Data, or information such as numbers, text, and images, has applications in both computer science and data science. The study and use of data structures is a topic in computer science. Data structures are ways to organize, manage, and store data in ways that it can be used efficiently; a sub-domain of computer science, it allows us to store and access data in our computer’s memory. Data science benefits from data structures to access data, but the main goal of data science is to analyze and make decisions based on the data, often using statistics and machine learning.

The Future of Computer Science and Data Science

Today, all companies and industries can benefit from both of these fields. Computer scientists drive business value by developing software and tools while data scientists drive business value by answering questions and making decisions based on data. As software continues to integrate with our lives and daily routines, computer science skills will continue to be critical and in demand. As we continue to create and store vast amounts of data on a daily basis, data science skills will also continue to be critical and in demand. Both fields are constantly evolving as technology advances and both computer scientists and data scientists need to stay current with the latest tools, methods, and technologies.
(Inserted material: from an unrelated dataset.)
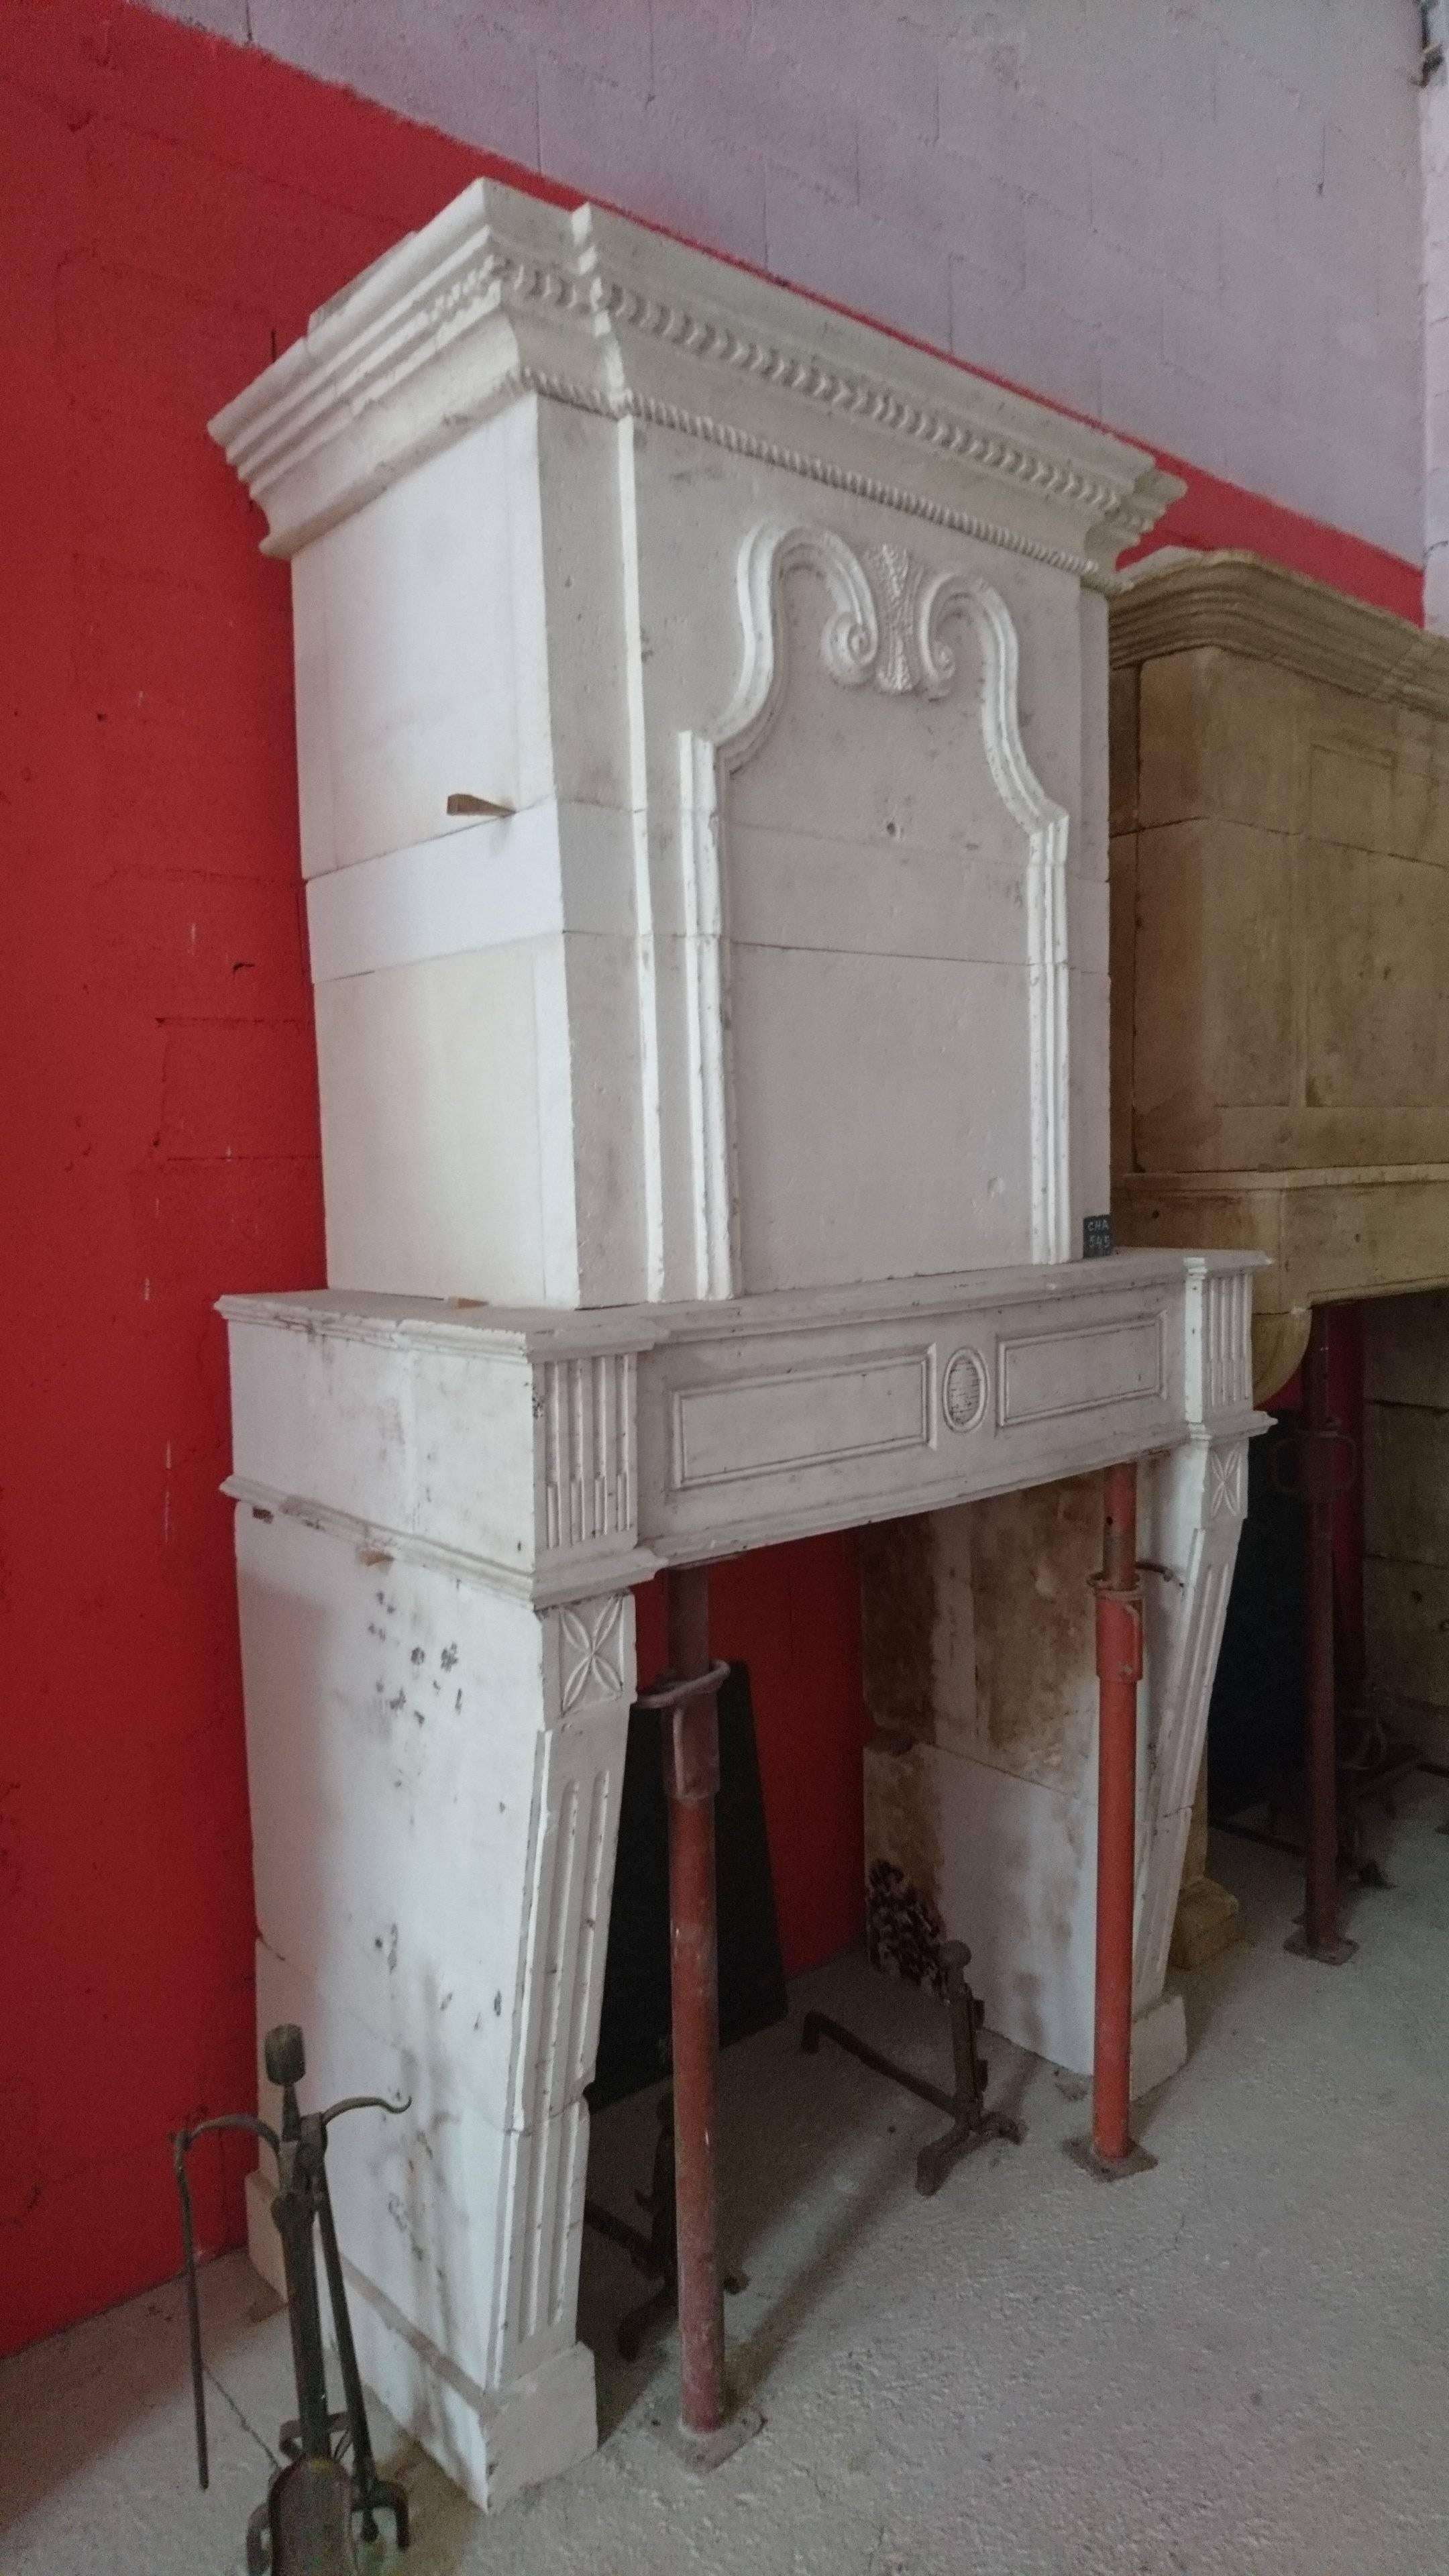 This elegant antique fireplace with trumeau reveals the skilled craftsmanship of the former stonecutter of the 18th century that carved it into the stone of Saint-Vaise (a white natural limestone once excavated in subterranean quarries in the South

The field of data science would not exist without computer science. Today, the two fields complement each other to further applications of artificial intelligence, machine learning, and personalized recommendations. Many of the luxuries that we have today — a favorite streaming service that recommends new movies, the ability to unlock our phones with facial recognition technology, or virtual home assistants that let us play our favorite music just by speaking — are made possible by computer science and made better by data science. As long as bright, motivated individuals continue to learn data science and computer science, these two fields will continue to advance technology and improve the quality of our lives.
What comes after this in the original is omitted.